The not-so-good news? They're probably going to have to be just as mistake-free the rest of the series if they're to win it, because it wasn't as if the Canadiens were that far off in Game 4, either. Montreal didn't have their best game, but they're also able to play the perfect game the Sens played against them Wednesday. And that just has to happen once in the next three games to send Ottawa home for the summer.

With due respect to first-year netminding sensation Andrew "The Hamburlgar" Hammond, it's no coincidence removing him and inserting Anderson in net has led to Ottawa allowing just two goals in the last two games of this series after surrendering seven in the first two. Anderson has brought a calm to the Senators' defensive zone and has stopped 61 of 63 shots in Games 3 and 4, including 25 Wednesday for his third career playoff shutout. He's had some hot streaks in the past, so it's not at all out of the question to envision him giving Canadiens superstar Carey Price a run for his money and carrying the Senators back into the series.

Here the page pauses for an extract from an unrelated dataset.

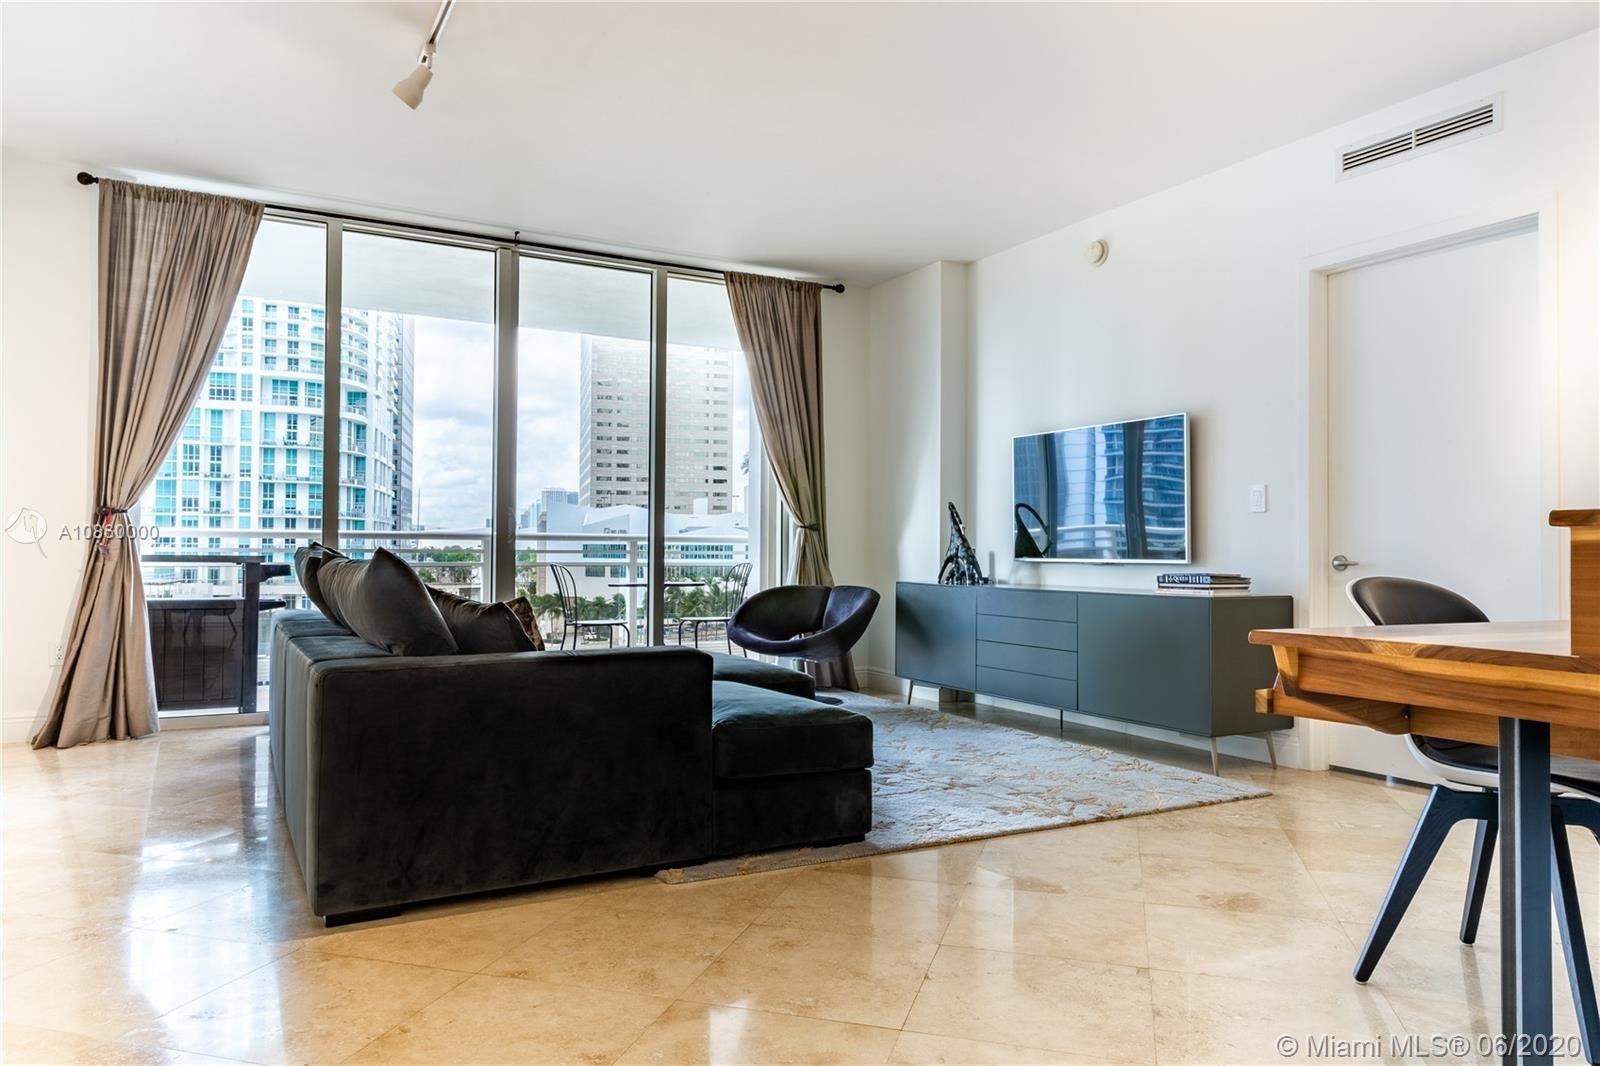 901 Brickell Key Blvd #605, Miami, FL 33131 - #: A10860000

But let's be real here – if Ottawa has to pin all their hopes on Anderson, it's going to be over for the Sens sooner than later. They need the whole roster acting in unison as a giant human battering ram if they're going to push through the wall Price puts up in Montreal's net every night. They need guys like 22-year-old center Jean-Gabriel Pageau dominating in the faceoff circle the way he did in Game 4, winning nine of 14 draws (including six of eight in the defensive zone). They need blueliner Marc Methot to give them what he gave them Wednesday: 25:23 of stellar ice time (including 3:57 on the penalty kill) and a game-high six hits. And they needed that clutch goal from Mike Hoffman, who played just 12:54, yet registered as many shots (four) as any of his teammates.

The Canadiens did have some excellent scoring opportunities – most notably, Brandon Prust's shorthanded breakaway in the second frame – but the Senators cut down on Montreal's shot attempts in every period (from 11 in the first, to 10 in the second, and just seven in the third) while increasing their own shot count after every 20-minute interval. That's the sign of a disciplined team the Habs can't take lightly at this point. Ottawa has found its groove with Anderson, and the memory of their stirring run to the playoffs isn't so faded that they stopped believing in themselves after going down 3-0. Being swept would have been an indignity to the great character the Sens have shown, and now that they understand the Canadiens can be beaten, they've got something to build on.

That said, Game 5 is set for Friday back in Montreal, meaning the Senators will have that much tougher a job of avoiding elimination. They've made an art out of obliterating expectations this season, and there's enough inspiration around the organization to keep them focused, but they're probably going to need every last bit of it wrenched from every part of every player to defeat the Habs three more times. Price alone is reason enough to be cynical of Ottawa's odds of success, but Game 4 demonstrated there is a possibility, remote though it may be, of it occurring.

So far this year, some remote possibilities have gotten the Ottawa Senators to some magical places. So you never know.